Studying peer review to identify potential biases is challenging. The language reviewers use is very technical, and some of their commentary may be subjective and vary from reviewer to reviewer. The emergence of OpenAI’s ChatGPT, which uses machine learning to process large amounts of information, may provide a new tool to analyze peer review for signs of bias.
Verharen demonstrated that ChatGPT can be used to analyze peer review reports and found potential indications of gender bias in scientific publishing. In the experiments, Verharen asked ChatGPT to analyze more than 500 reviews of 200 neuroscience studies published in the scientific journal Nature Communications over the past year. The experiments found no evidence that institutional reputation influenced reviews. Yet, female first authors were more likely to receive impolite comments from reviewers. Female senior authors were more likely to receive higher review scores, which may indicate they had to clear a higher bar for publication.
The experiments indicate that ChatGPT could be used to analyze peer review for fairness. Verharen suggests that reviewers might apply this tool to ensure their reviews are polite and accurate reflections of their opinions. Scientists or publishers might also use it for large-scale analyses of peer review in individual journals or in scientific publishing more widely. Journals might also use ChatGPT to assess the impact of bias-prevention interventions on review fairness.
Introduction
The peer review process is a crucial step in the publication of scientific research, where manuscripts are evaluated by independent experts in the field before being accepted for publication. This process helps ensure the quality and validity of scientific research and is a cornerstone of scientific integrity. Despite its importance, concerns have been raised regarding subjectivity in this process that may affect the fairness and accuracy of evaluations (Park et al., 2014; Lipworth et al., 2011; King et al., 2018; Lee et al., 2013; Abramowitz et al., 1975). Indeed, most journals engage in single-blind peer review, in which the reviewers have information about the authors of the paper, but not vice versa. While some studies have found evidence of disparities in peer review as a result of gender bias, the scope and methodology of these studies are often limited (Blank, 1991; Lundine et al., 2019). One larger study, performed by an ecology journal, found no evidence of gender bias in reviewing, but did find a bias against non-English-speaking first authors (Fox et al., 2023). Additionally, other factors, such as the seniority and institutional affiliation of authors, may influence the evaluation process and lead to biased assessments of research quality (Blank, 1991). As such, papers from more prestigious research institutions may receive better reviews (Tomkins et al., 2017). It is crucial to identify potential sources of disparity in the reviewing process to maintain scientific integrity and find areas for improvement within the scientific pipeline.

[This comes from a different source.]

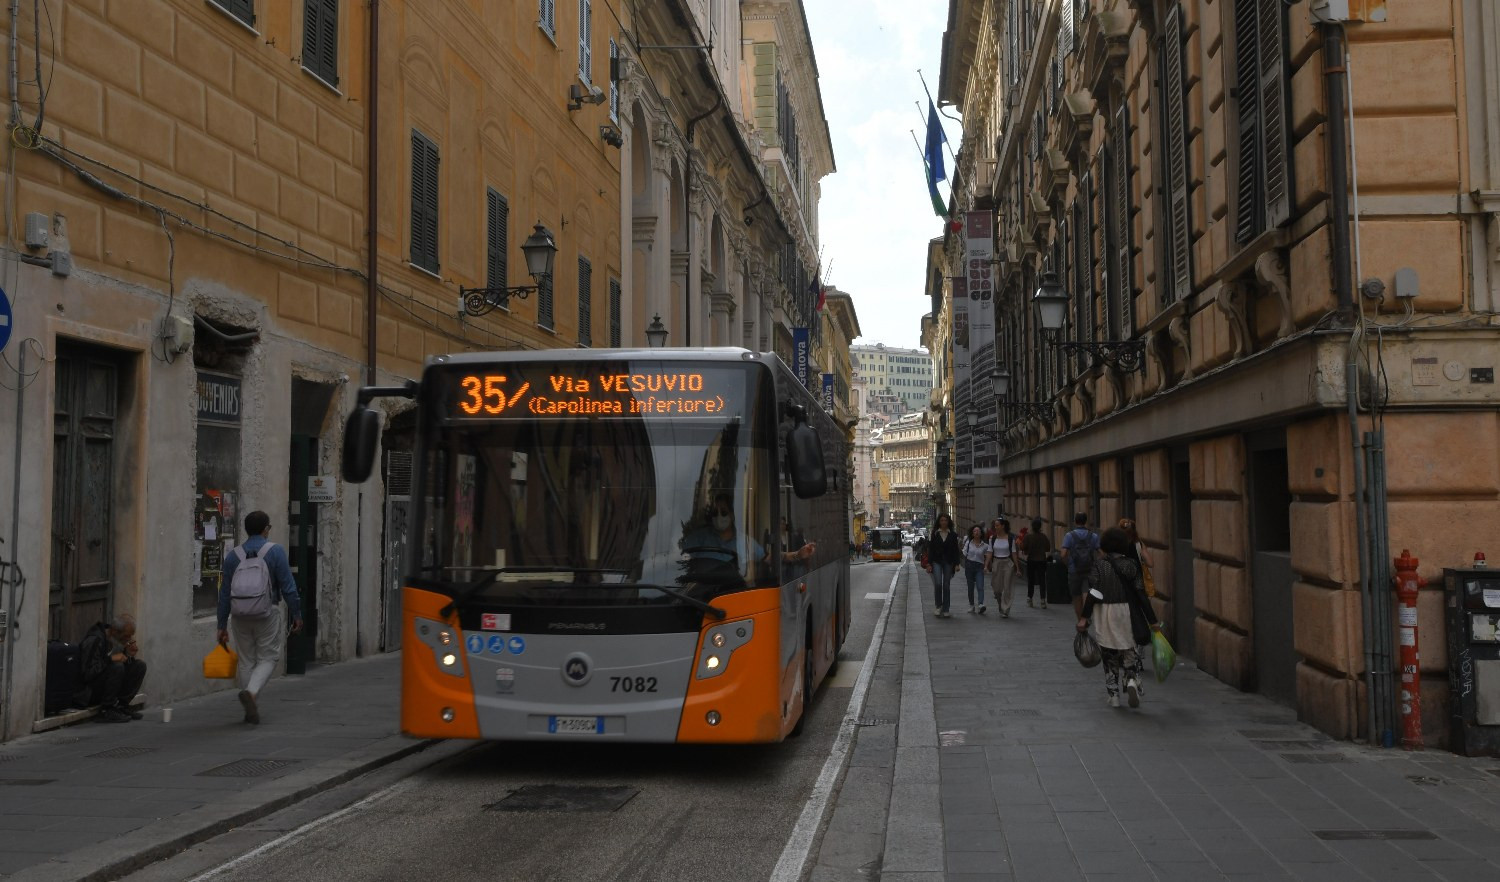 Trasporto pubblico a Genova, da oggi mezzi gratis per over 70 e under 14

Natural language processing tools have shown promise in analyzing large amounts of textual data and extracting meaningful insights from evaluations (Chowdhary, 2020; Hirschberg and Manning, 2015; Yadav and Vishwakarma, 2020). However, applying these tools to scientific peer review has been challenging due to the specialized construction and language use in such reports. A recent study that manually annotated language use in peer reviews has shown great potential (Ghosal et al., 2022), but algorithms struggled to perform well in this task (Chakraborty et al., 2020; Luo et al., 2021). Recent advances in generative artificial intelligence, such as OpenAI’s ChatGPT, offer new possibilities for studying scientific peer review. These models can process vast amounts of text and provide accurate sentiment scores and language use metrics for individual sentences and documents. As such, using generative artificial intelligence to study scientific peer review may ultimately help improve the overall quality and fairness of scientific publications and identify areas of concern in the way towards equitable academic research.

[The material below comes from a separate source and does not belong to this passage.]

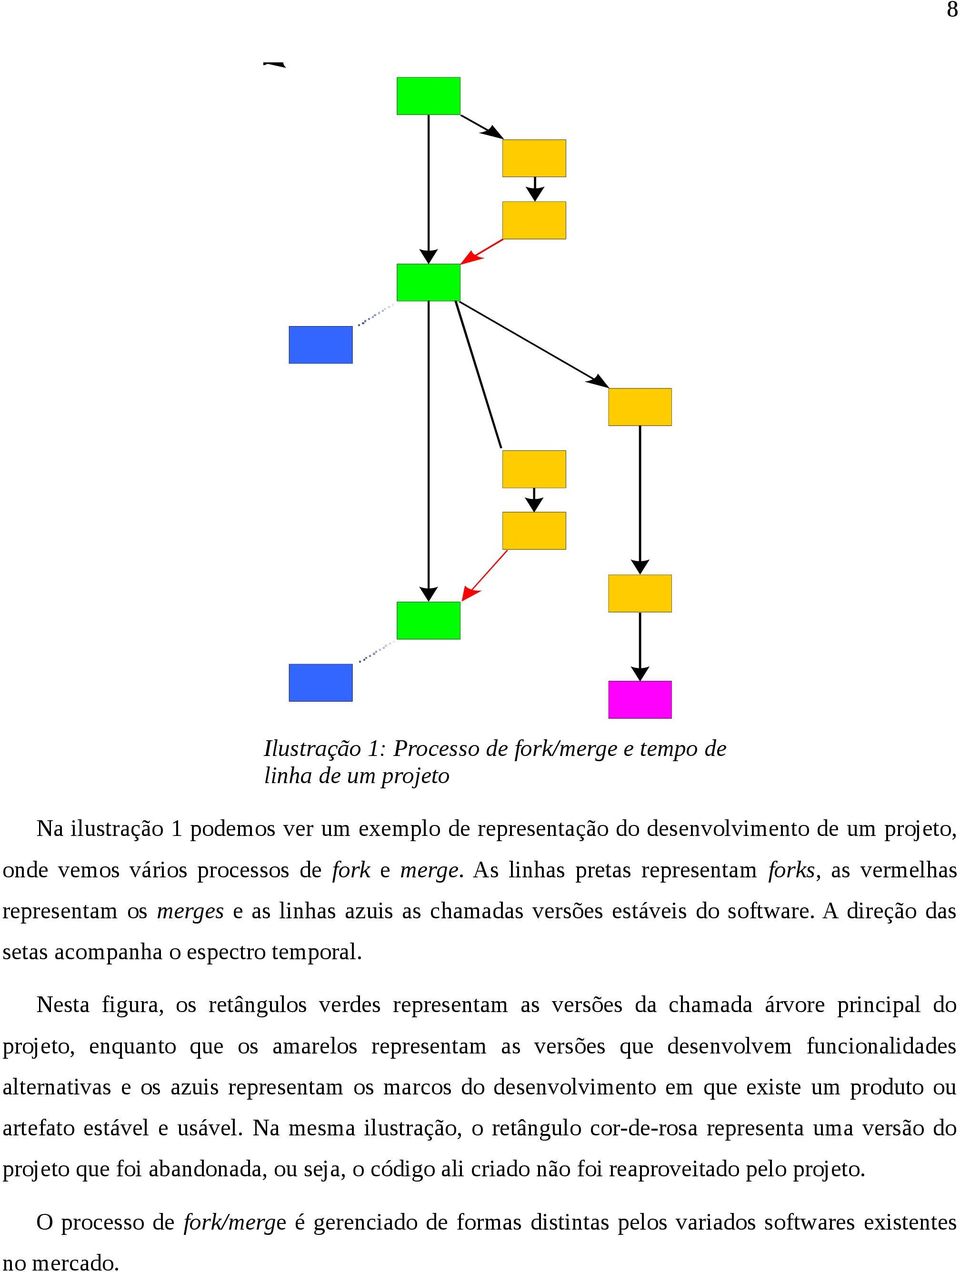 Nesta figura, os retângulos verdes representam as versões da chamada árvore principal do projeto, enquanto que os amarelos representam as versões que desenvolvem funcionalidades alternativas e os

This study had three main objectives. The first aim was to test whether the latest advances in generative artificial intelligence, such as OpenAI’s ChatGPT, can be used to analyze language use in specialized scientific texts, such as peer reviews. The second aim was to explore subjectivity in peer review by looking at consistency in favorability across reviews for the same paper. The last aim was to test whether the identity of the authors, such as institutional affiliation and gender, affect the favorability and language use of the reviews they receive.
Results
An analysis of scientific peer review
Nature Communications has engaged in transparent peer review since 2016, giving authors the option to (and since 2022 requiring authors to) publish the peer review history of their paper (Anonymous, 2022). To explore language use in these reports, I downloaded the primary (i.e., first-round) reviews from the last 200 papers in the neuroscience field published in this journal. This yielded a total of 572 reviews from 200 papers, with publication dates ranging from August 2022 to February 2023. Additional metrics of these papers were manually collected (Figure 1a and b), including the total time until paper acceptance, the subfield of neuroscience, the geographical location and QS World Ranking score of the senior author’s institutional affiliation, the gender of the senior author, and whether the first author had a male or female name (see ‘Methods’ for more information on classifications and a rationale for the chosen metrics). These metrics were collected to test whether they influenced the favorability and language use of the reviews that a paper received.
Sentiment analysis
To assess the sentiment and language use of each of the peer review reports, I asked OpenAI’s generative artificial intelligence ChatGPT to extract two scores from each of the reviews (Figure 2a). The first score was the sentiment score, and measures how favorable the review is. This metric ranges from –100 (negative) to 0 (neutral) to +100 (positive). Sentiment reflects the reviewer’s opinion about the paper and is what presumably drives the decision for a paper to be accepted or rejected. The second score was the politeness score, which evaluates how polite a review’s language is, measured on a scale from –100 (rude) to 0 (neutral) to +100 (polite). ChatGPT was able to extract sentiment and politeness scores for all of the 572 reviews and usually included a reasoning of how it established the score (Figure 2—figure supplement 1).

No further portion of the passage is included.